Ongoing Disk Server Issues
  • None
Notable Changes made this last week.
  • As reported at the last meeting there was a failed attempt to update FTS3 (to resolve openssl problems) on Tuesday 22nd Jan which was backed out. The upgrade was repeated, this time successfully, on Monday 27th Jan. During this second attempt all existng proxies on the FTS3 systems were deleted.
Declared in the GOC DB
  • There is an entry for the retirement of two old (and replaced) Logging & Bookkeeping servers.
Advanced warning for other interventions
The following items are being discussed and are still to be formally scheduled and announced.
  • Tuesday 4th February: 2-hour break in tape access to test a new server that provides the interface to the tape library. This server will be required to support T10000D tape drives.

Listing by category:

  • Databases:
    • Switch LFC/FTS/3D to new Database Infrastructure.
  • Castor:
    • Castor 2.1.14 testing is ongoing. A date for deployments awaits successful completion of this testing.
  • Networking:
    • Implementation of new site firewall. Date for Tier1 proposed to be 11th March. (Initial changes for links that do not affect the Tier1 commenced this week.)
    • Update core Tier1 network and change connection to site and OPN including:
      • Install new Routing layer for Tier1 & change the way the Tier1 connects to the RAL network. (Required before firewall changes on 11th March).
      • These changes will lead to the removal of the UKLight Router.
  • Fabric
    • Firmware updates on remaining EMC disk arrays (Castor, FTS/LFC)
    • There will be circuit testing of the remaining (i.e. non-UPS) circuits in the machine room during 2014.
Entries in GOC DB starting between the 22nd and 29th January 2014.
Service Scheduled? Outage/At Risk Start End Duration Reason
lcgfts3.gridpp.rl.ac.uk, SCHEDULED OUTAGE 27/01/2014 10:00 27/01/2014 12:00 2 hours Upgrade of FTS3 gridsite and openssl. WIll remove existing proxies on the server as part of upgrade.
lcglb03.gridpp.rl.ac.uk, lcglb04.gridpp.rl.ac.uk, SCHEDULED OUTAGE 18/12/2013 11:00 31/01/2014 00:00 43 days, 13 hours old EMI-2 hosts to be retired
Open GGUS Tickets (Snapshot during morning of meeting)
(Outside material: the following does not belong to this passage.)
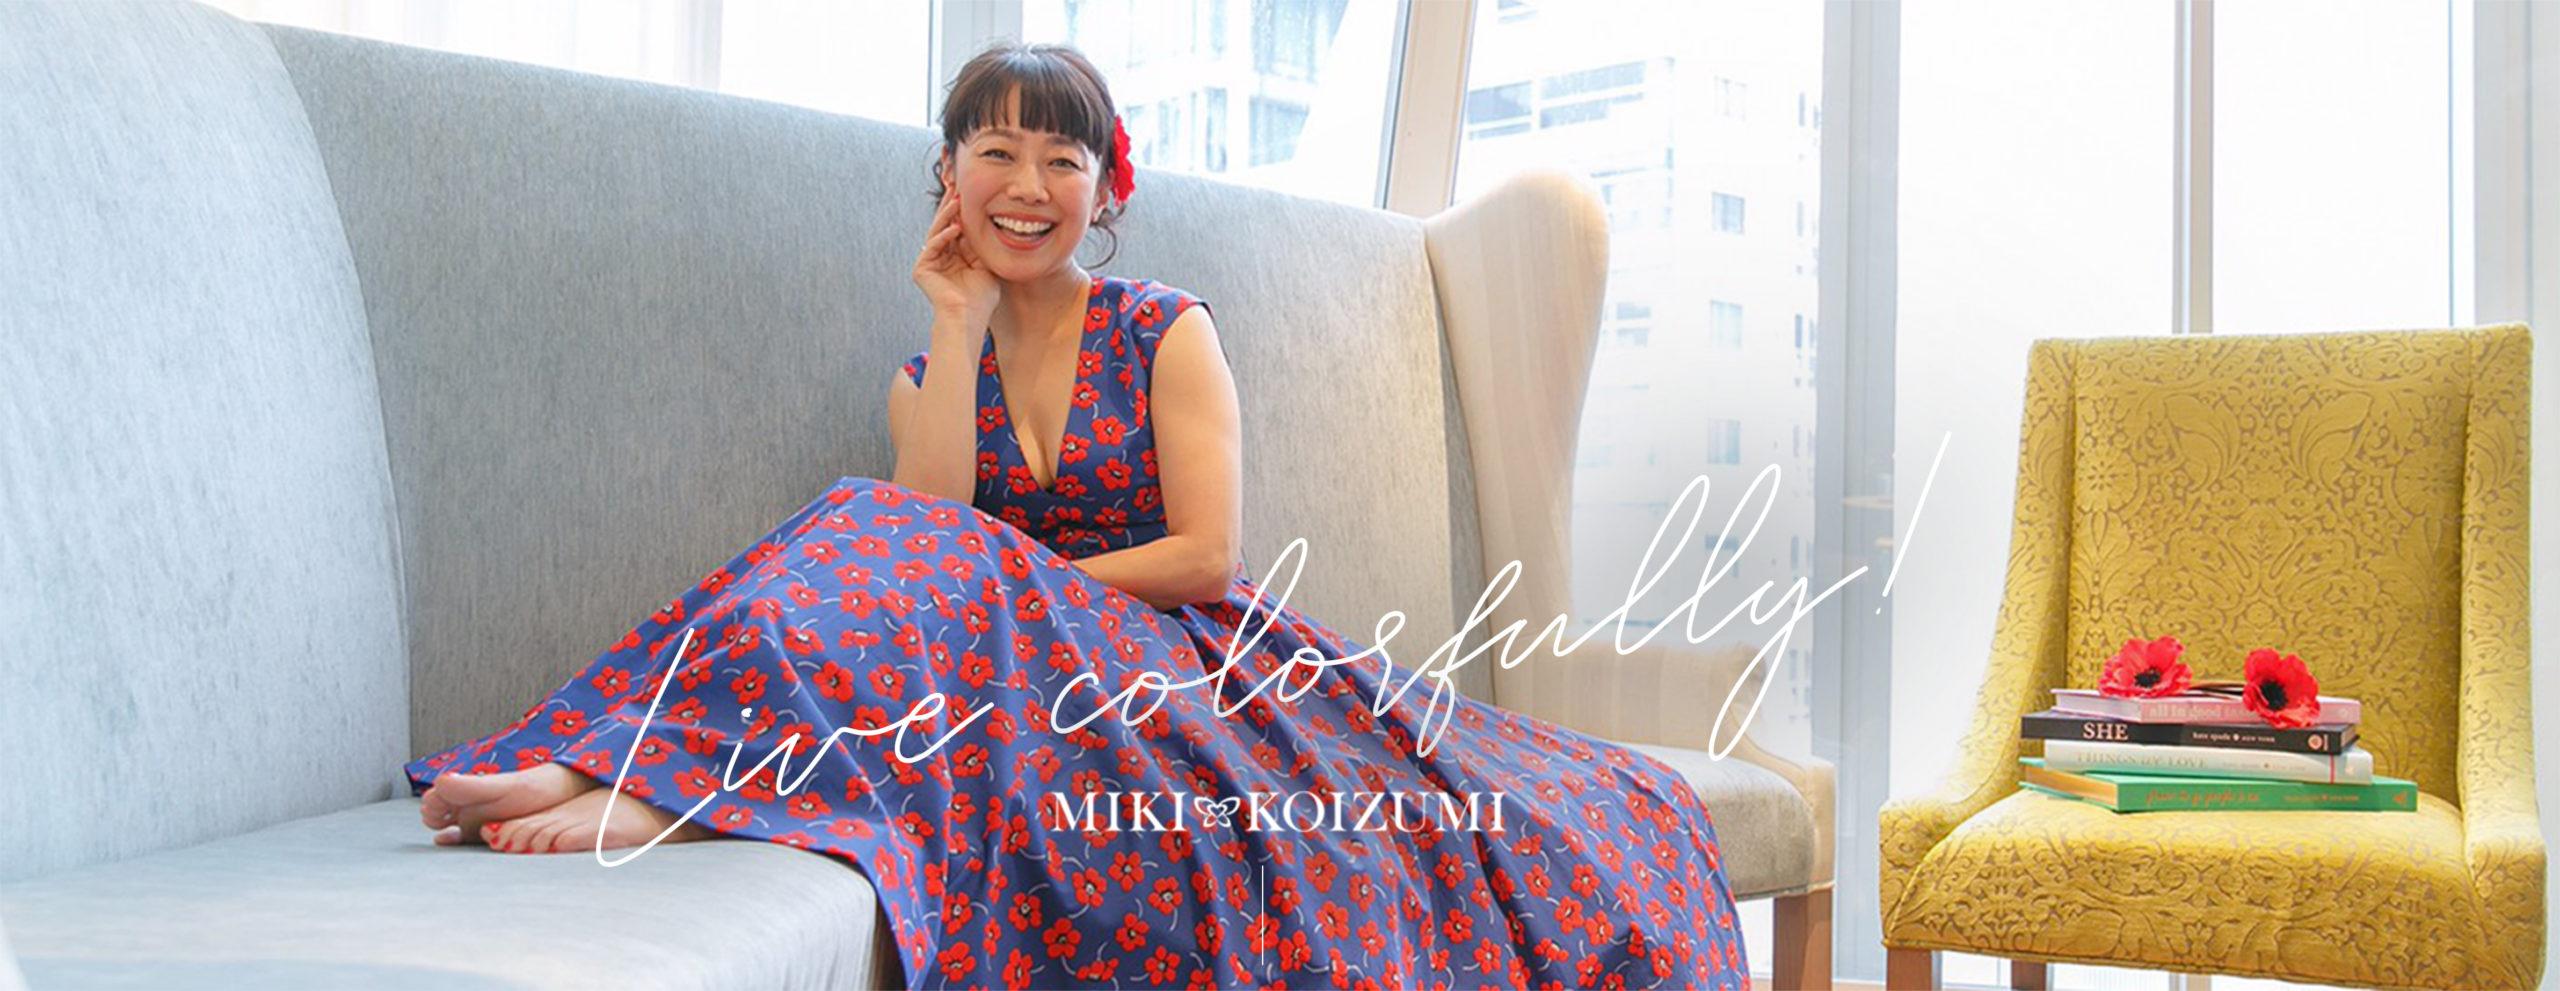 小泉美樹オフィシャルサイト〜自分愛でのすすめ〜トップ画像

GGUS ID Level Urgency State Creation Last Update VO Subject
100558 Green Less Urgent Waiting Reply 2014-01-27 2014-01-28 SNO+ Moving data
100507 Yellow Less Urgent Waiting Reply 2014-01-23 2014-01-27 CMS [sr #141722] Transfers from Caltech to RAL are failing
100343 Red Less Urgent In Progress 2014-01-16 2014-01-27 RAL WMS still generating 512 proxies
100114 Red Less Urgent In Progress 2014-01-08 2014-01-10 Jobs failing to get from RAL WMS to Imperial
99556 Red Very Urgent In Progress 2013-12-06 2014-01-21 NGI Argus requests for NGI_UK
98249 Red Urgent On Hold 2013-10-21 2014-01-14 SNO+ please configure cvmfs stratum-0 for SNO+ at RAL T1
97025 Red Less urgent On Hold 2013-09-03 2014-01-06 Myproxy server certificate does not contain hostname
86152 Red Less Urgent On Hold 2012-09-17 2013-10-18 correlated packet-loss on perfsonar host
Availability Report
Day OPS Alice Atlas CMS LHCb Comment
22/01/14 100 100 100 100 100
23/01/14 100 100 100 100 100
24/01/14 100 100 100 100 100
25/01/14 100 100 100 100 100
26/01/14 100 100 100 100 100
27/01/14 100 100 99.1 100 100 Single SRM PUT failure: "could not open connection to srm-atlas.gridpp.rl.ac.uk". Coincident with a database processes being put back on correct nodes in Oracle RAC.
28/01/14 100 100 100 72.0 100 CMS batch jobs not being run. problem with the relevant CMS user being given too low a priority on the batch system.